Exercise data:
►

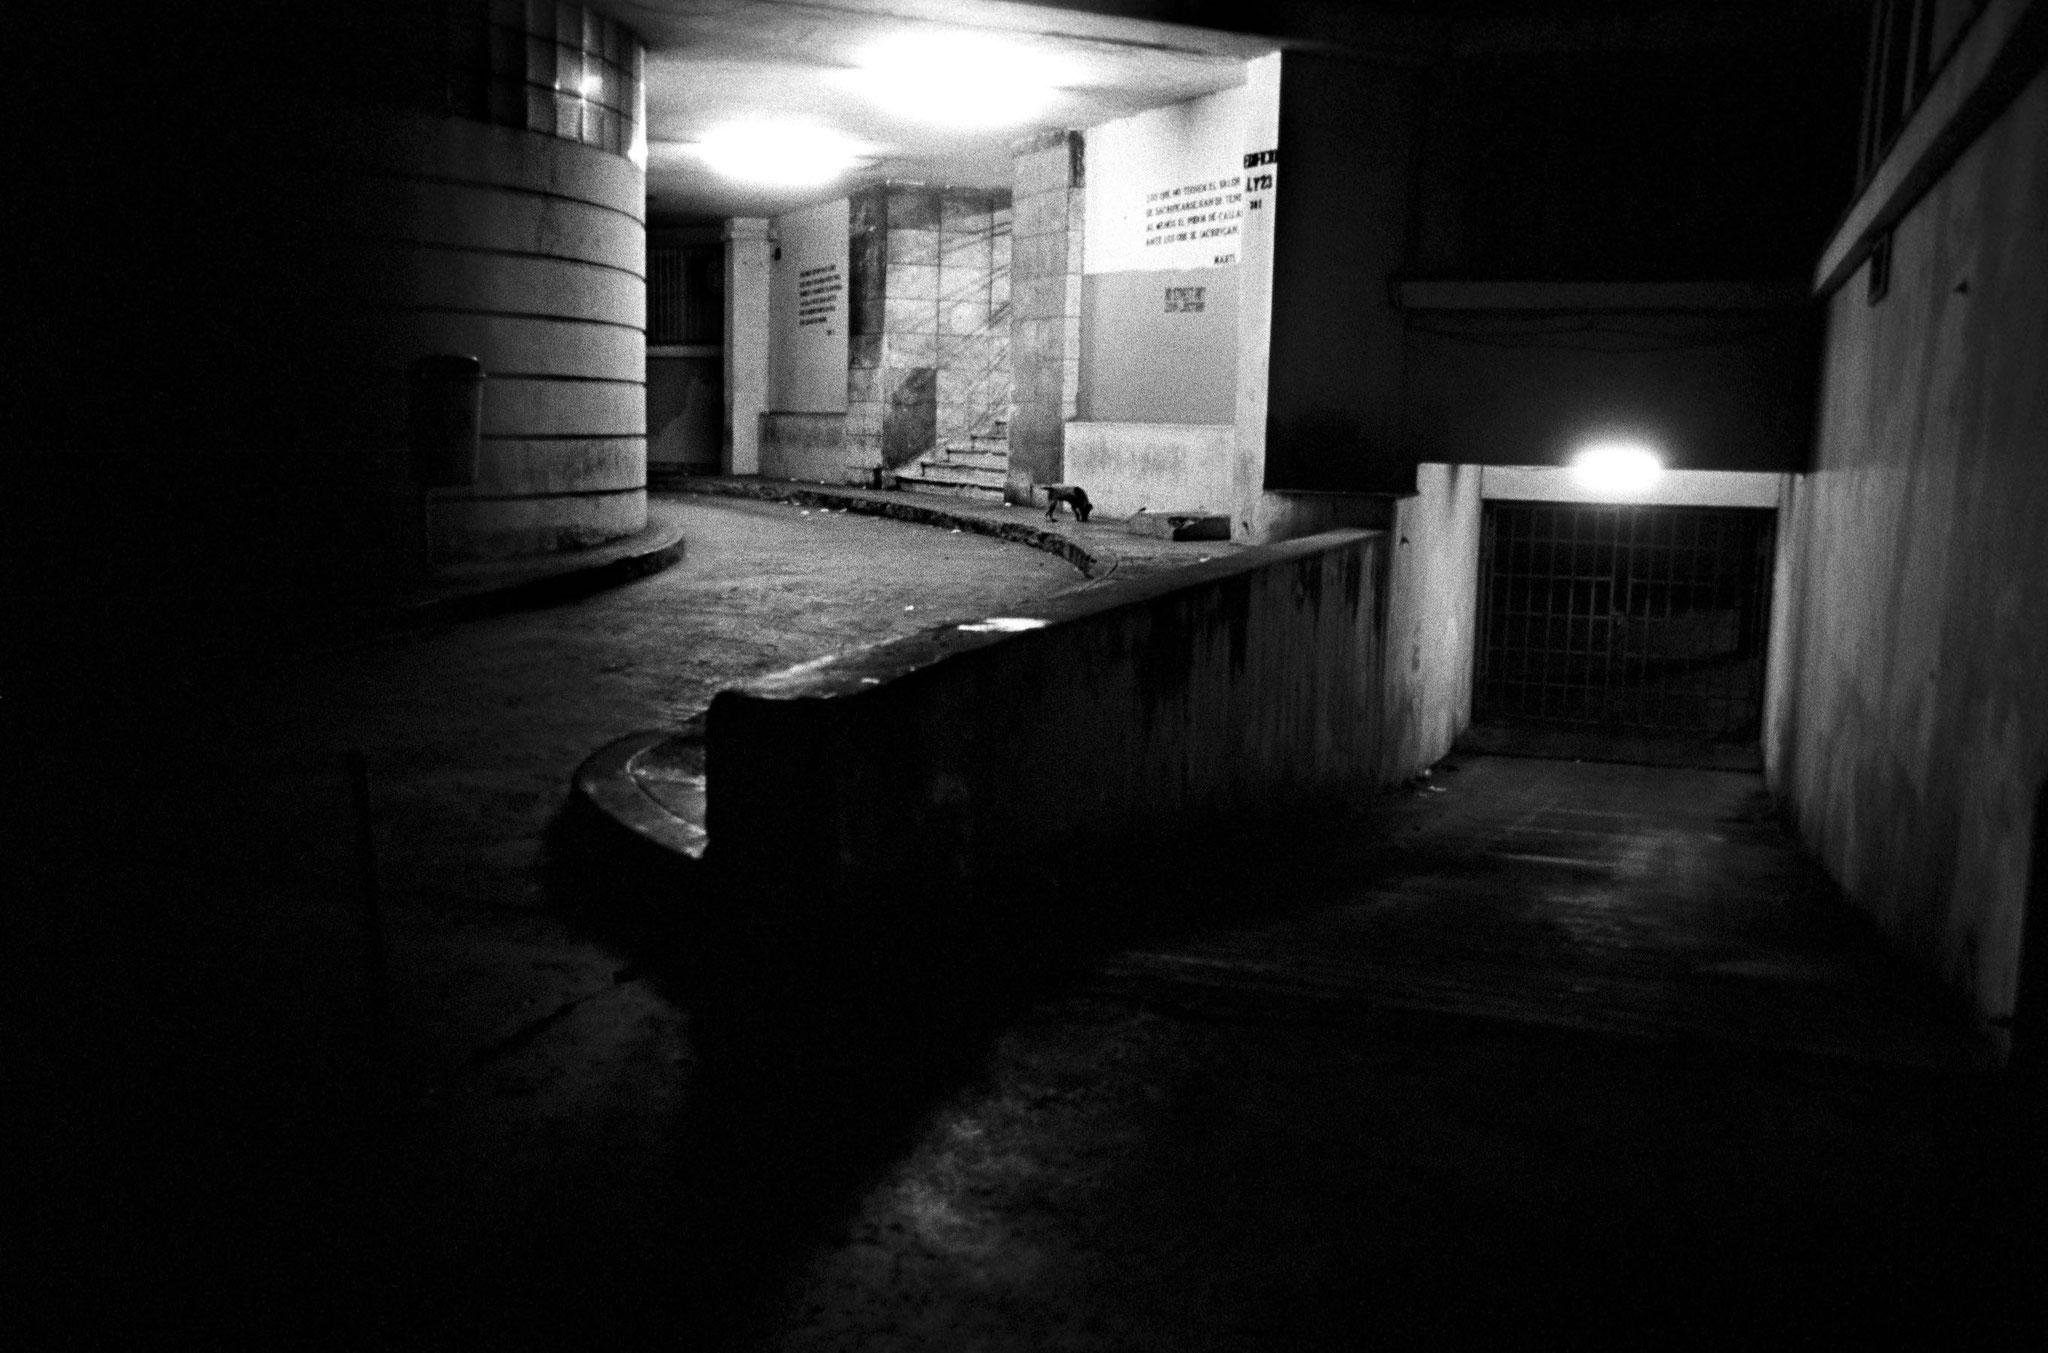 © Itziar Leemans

◄
►

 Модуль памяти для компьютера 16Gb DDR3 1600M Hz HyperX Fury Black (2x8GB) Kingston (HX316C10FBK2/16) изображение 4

◄
►

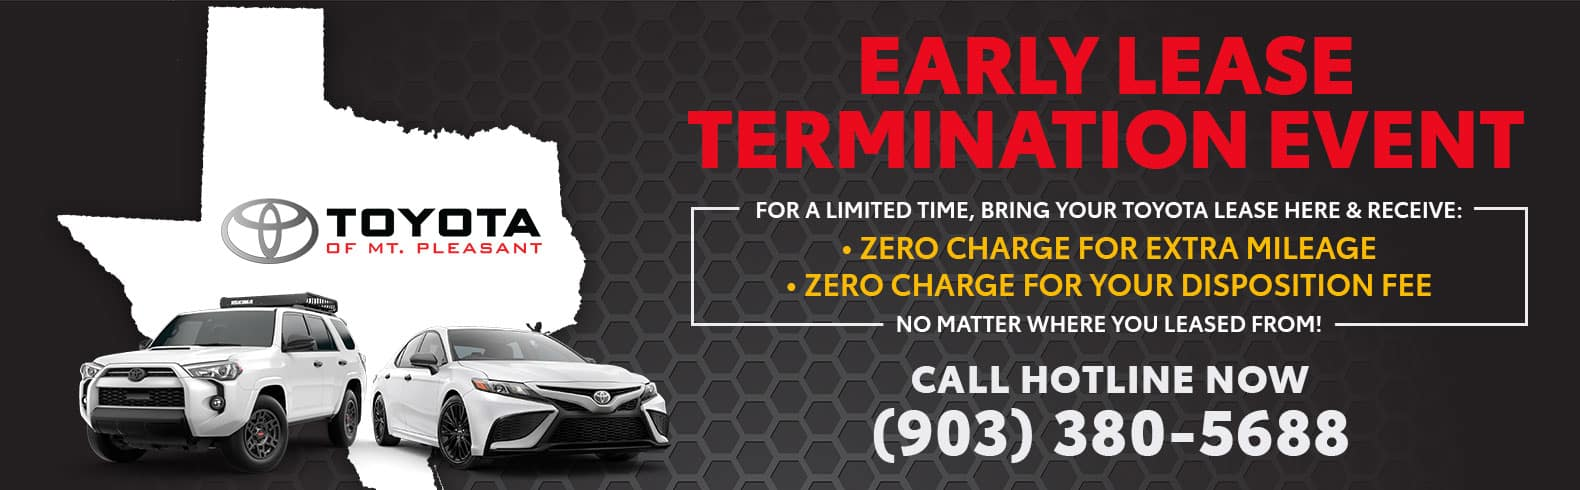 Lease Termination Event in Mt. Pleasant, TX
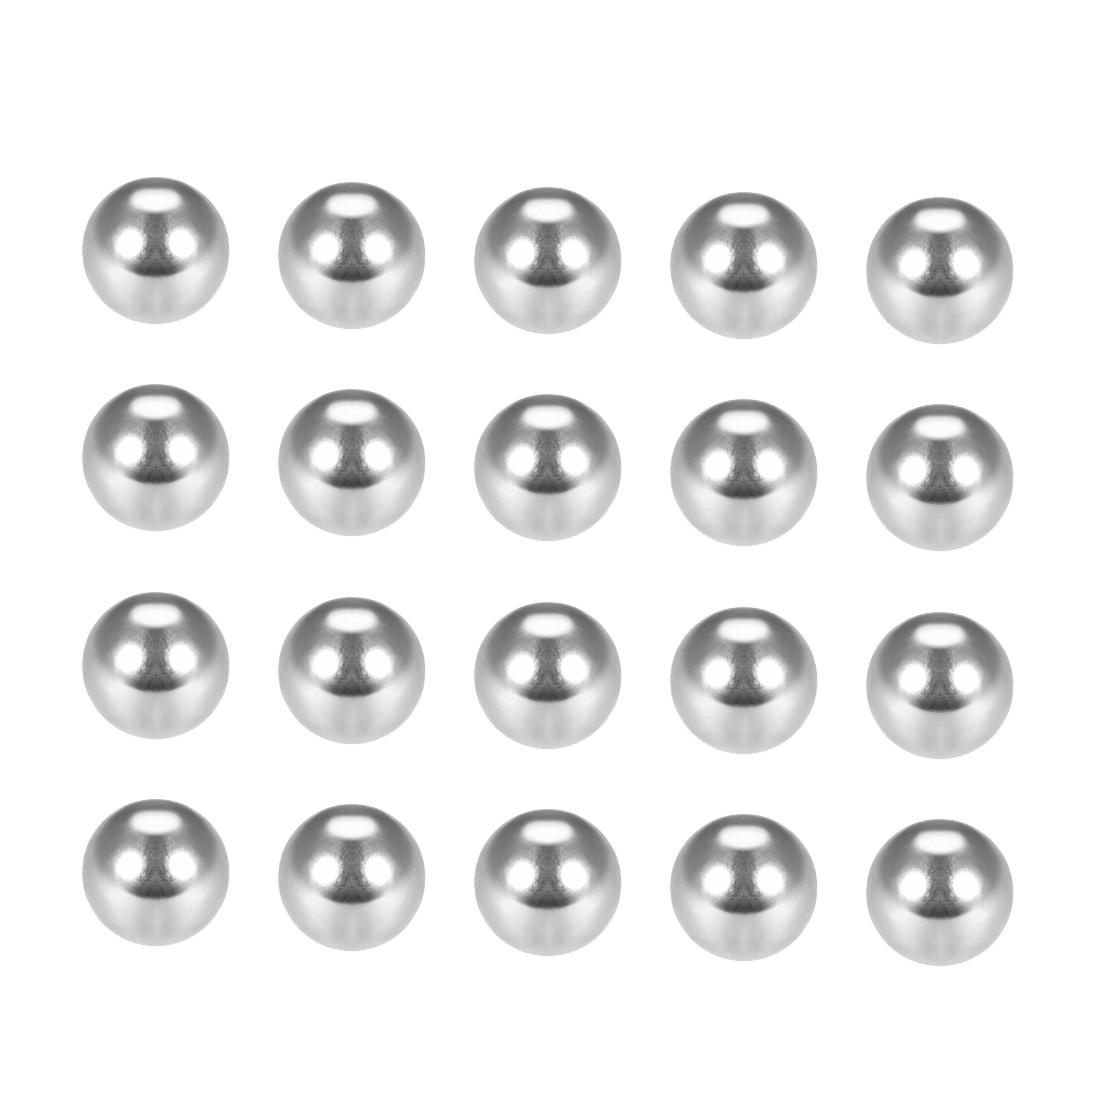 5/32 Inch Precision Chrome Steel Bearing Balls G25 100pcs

◄

About this exercise:
In the listing above, find the line containing "Lease Termination Event in Mt. Pleasant, TX" and the line containing "5/32 Inch Precision", then write out both of them and every line between, exactly, with no pictures.

Completed exercise:
 Lease Termination Event in Mt. Pleasant, TX
 5/32 Inch Precision Chrome Steel Bearing Balls G25 100pcs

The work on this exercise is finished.